§ PROVIDED ENTRIES
----
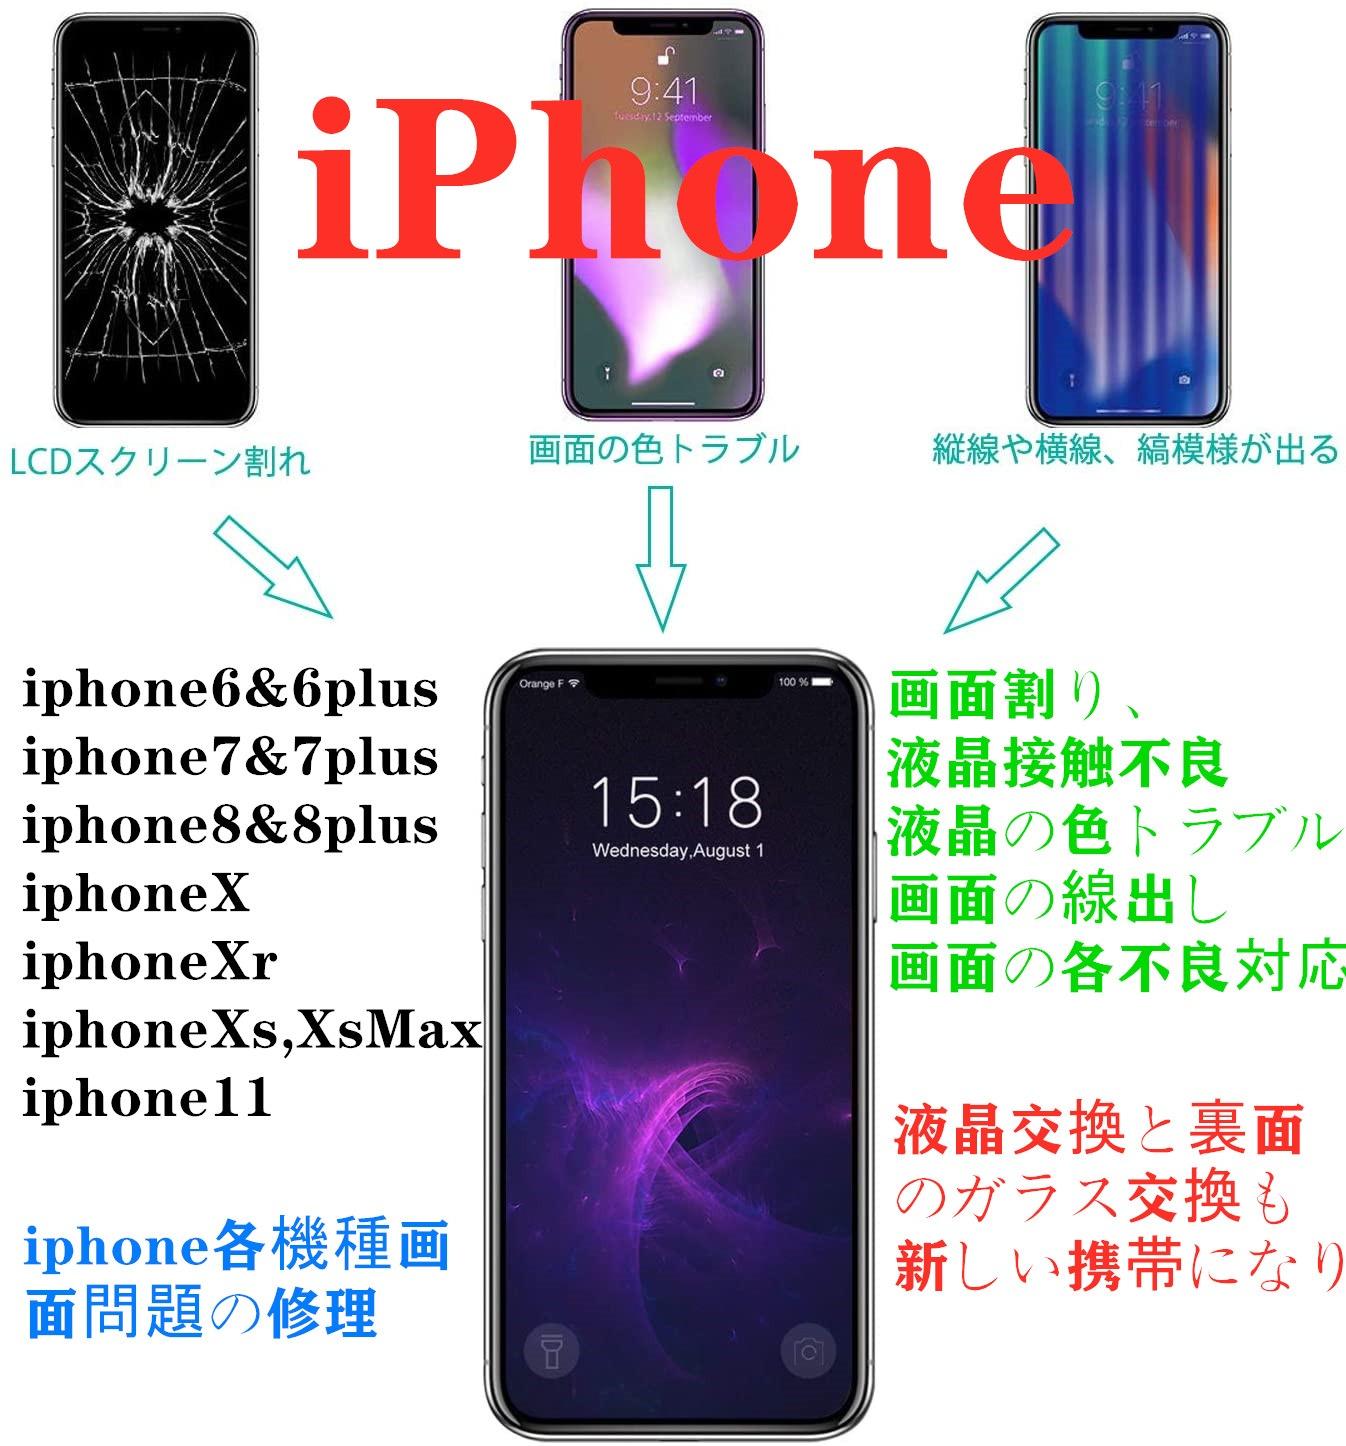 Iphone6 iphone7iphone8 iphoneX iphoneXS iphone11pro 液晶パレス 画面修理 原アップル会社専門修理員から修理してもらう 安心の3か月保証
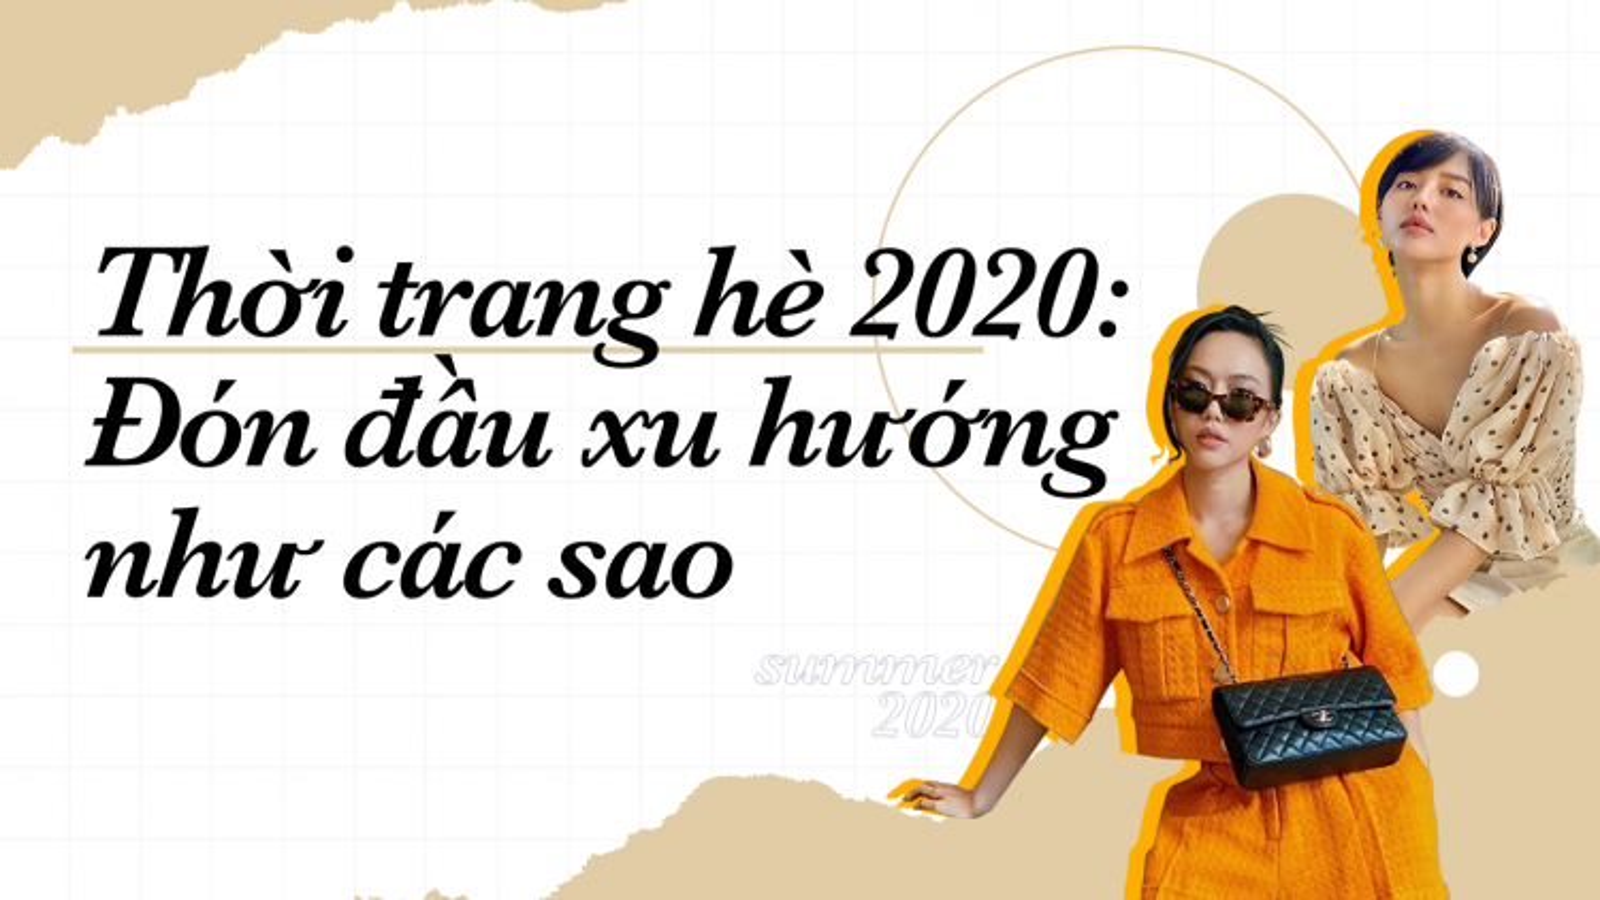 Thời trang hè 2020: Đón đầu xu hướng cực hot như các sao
----
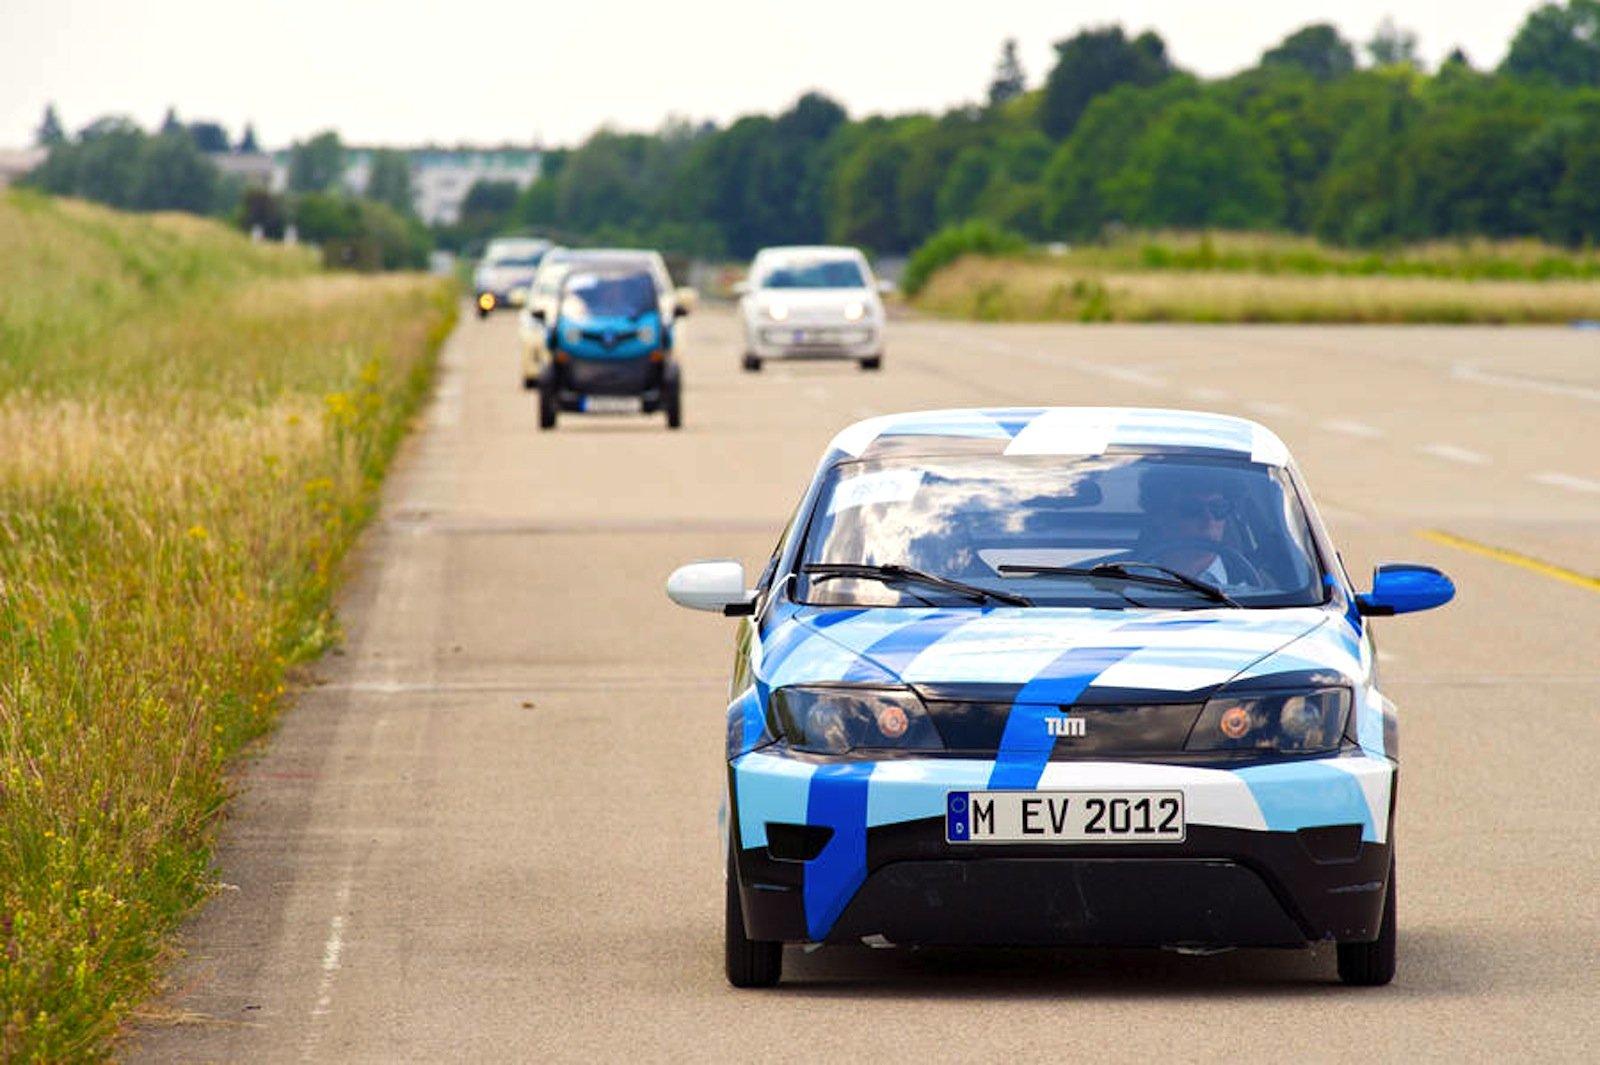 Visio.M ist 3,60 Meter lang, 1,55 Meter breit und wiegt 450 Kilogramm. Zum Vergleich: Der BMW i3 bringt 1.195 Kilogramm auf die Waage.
----
§ THE TASK
Reproduce the lines above beginning at the line that contains "Iphone6 iphone7iphone8 iphoneX" and ending at the line that contains "Thời trang hè". No pictures.

§ EXPECTED OUTPUT
 Iphone6 iphone7iphone8 iphoneX iphoneXS iphone11pro 液晶パレス 画面修理 原アップル会社専門修理員から修理してもらう 安心の3か月保証
 Thời trang hè 2020: Đón đầu xu hướng cực hot như các sao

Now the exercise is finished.